Game and Watch Series

A portable Super Mario Brothers Game and Watch console

Nintendo’s lightest device weighs 0.07 kg (0.15 lbs), and it’s also the company’s first handheld. The Game & Watch brand was launched in 1980 and sold 43.4 million units until it ceased production in 1991.

The product got its name from game designer Gunpei Yokoi as it included both a watch and a game on its LCD display.

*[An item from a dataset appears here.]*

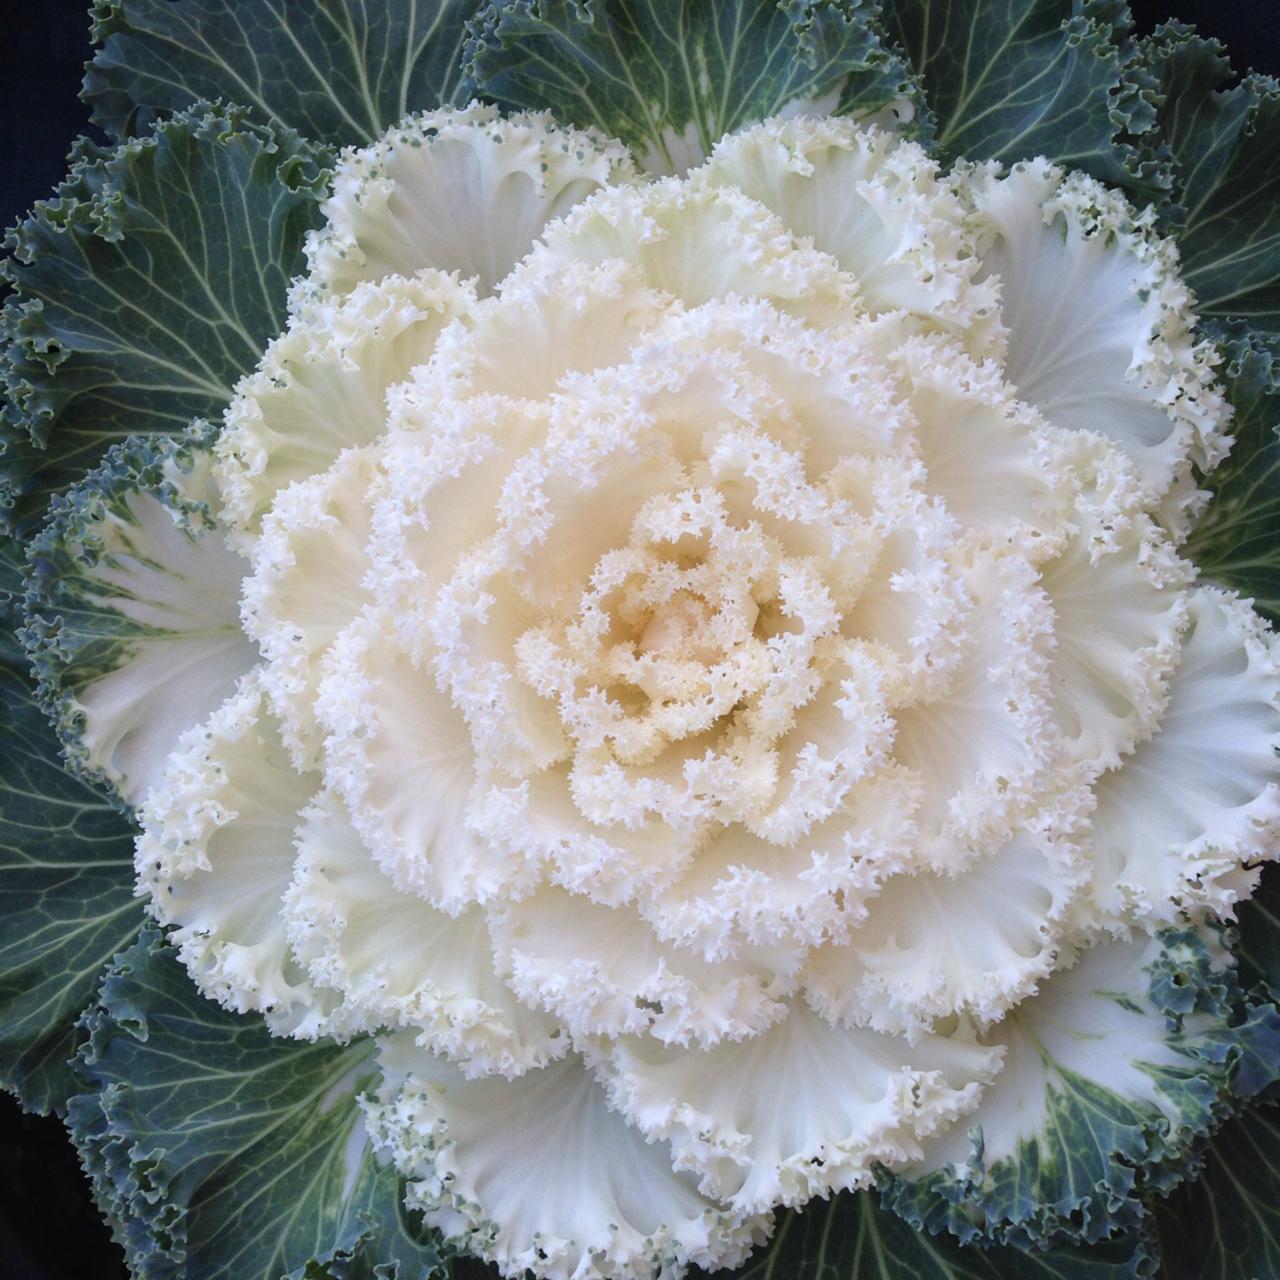 kale growit

After generations of manufacturing playing cards, this resounding success set the Japanese company on its pioneering path.

Game Boy Color

An image of a GameBoy Color

The Game Boy Color weighs 0.14 kg (0.30 lb) and was released in Japan in October 1998 as part of the fifth generation of consoles. Nintendo manufactured the handheld until March 2003 and sold 118 million units of it and the original.

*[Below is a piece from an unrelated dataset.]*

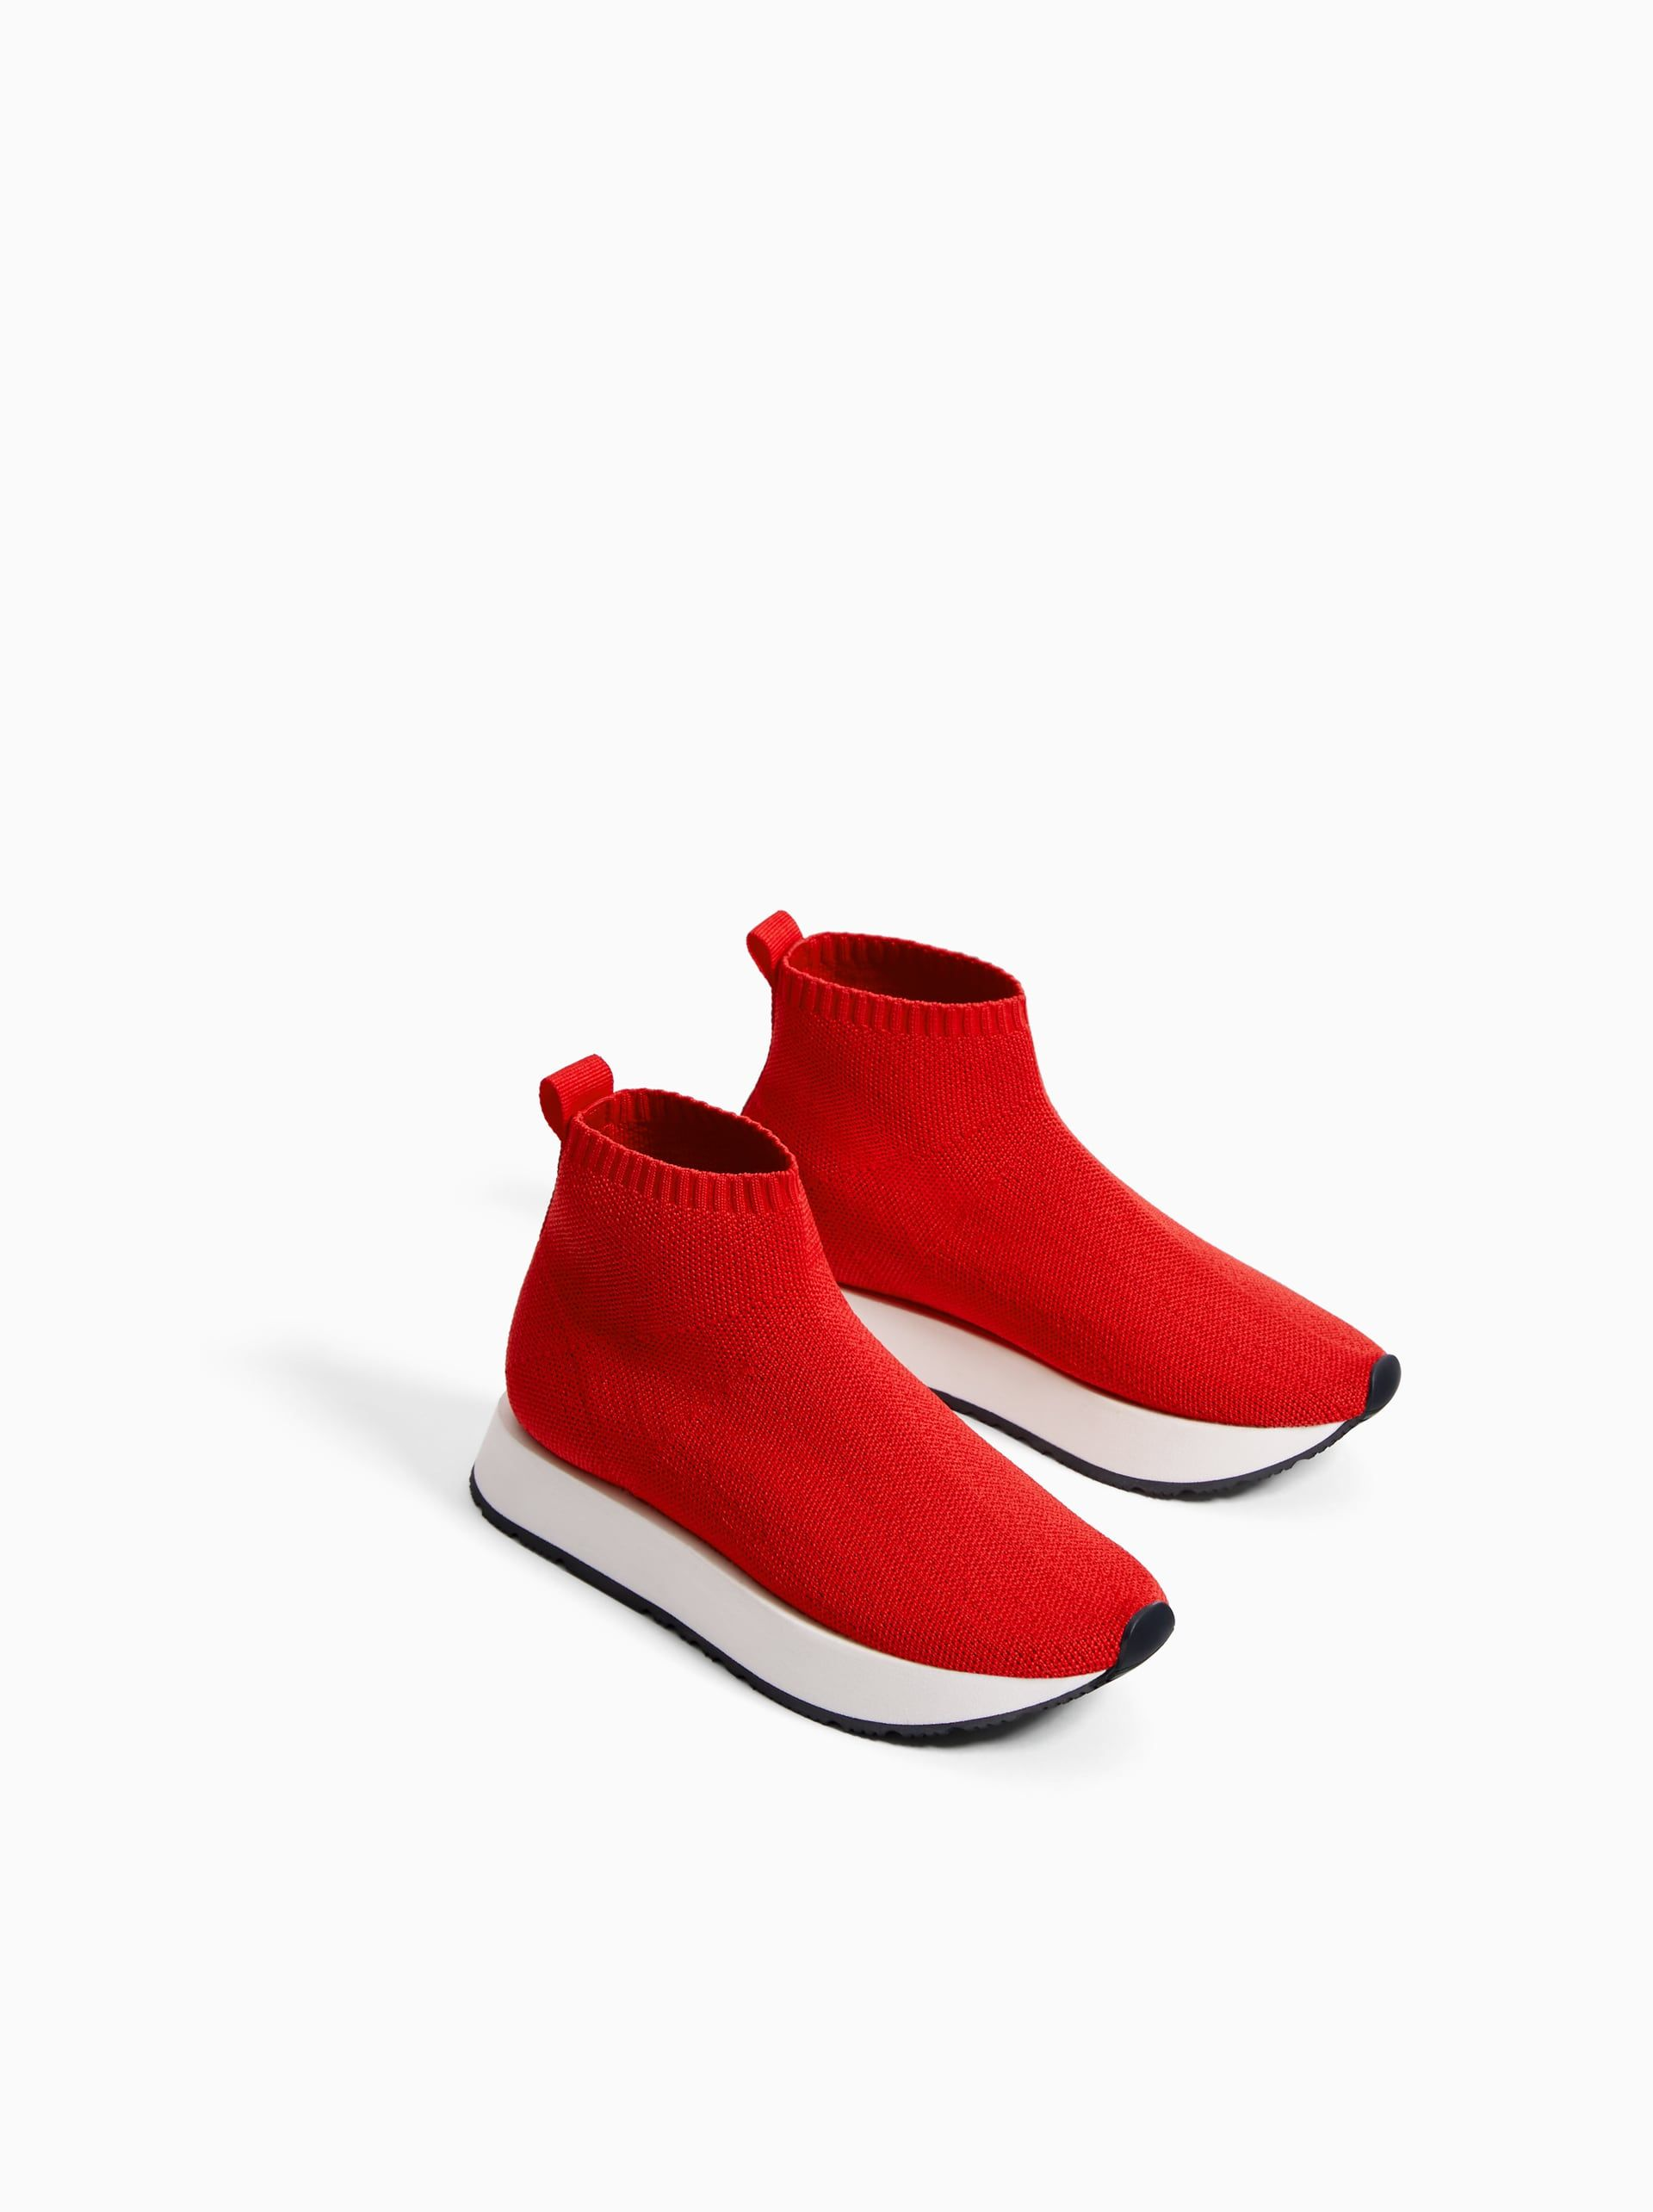 5a76ed295c2 Afbeelding 2 van HIGH-TOP SNEAKERS MET SOK van Zara   Shoes in 2019 ...

RELATED: Top 10 Game Boy and Game Boy Color Games That Hold Up Today

Its most popular game (Pokemon Gold and Silver) has sold over 23 million units worldwide. While you still don’t want to play this one in a dimly lit room, this device has helped the handheld market jump into the new millennium.

Game Boy Advance

A photo of a Game Boy Advance

The Game Boy Advance also weighs 0.14 kg (0.30 lb) and was released in Japan in March 2001. Nintendo manufactured the handheld console until 2010 in North America and sold over 81 million units. .

The GBA did not see the same sales as its predecessor because it was offered at a high price with questionable design choices from its engineers. However, that doesn’t mean it doesn’t have its fair share of hidden gems for retro game collectors.

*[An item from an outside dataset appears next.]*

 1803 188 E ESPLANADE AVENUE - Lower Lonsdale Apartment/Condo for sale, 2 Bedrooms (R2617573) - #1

The original Game Boy weighs 0.22 kg (0.49 lb) and it was released in Japan in April 1989. Nintendo drained this stone until it reached the last drop of blood in March 2003.

While not the video game giant’s first handheld, it has proven that a portable gaming system can not only thrive, but also break previous records. The Game Boy is today the proof of concept for an entire industry.

Nintendo 3DS

A photo of a Nintendo 3DS

The 3DS weighs 23 kg (0.51 lb) and was launched in Japan in February 2011. After its big unveiling at E3 2010, Nintendo manufactured the handheld until 2020 and sold 75.77 million of units.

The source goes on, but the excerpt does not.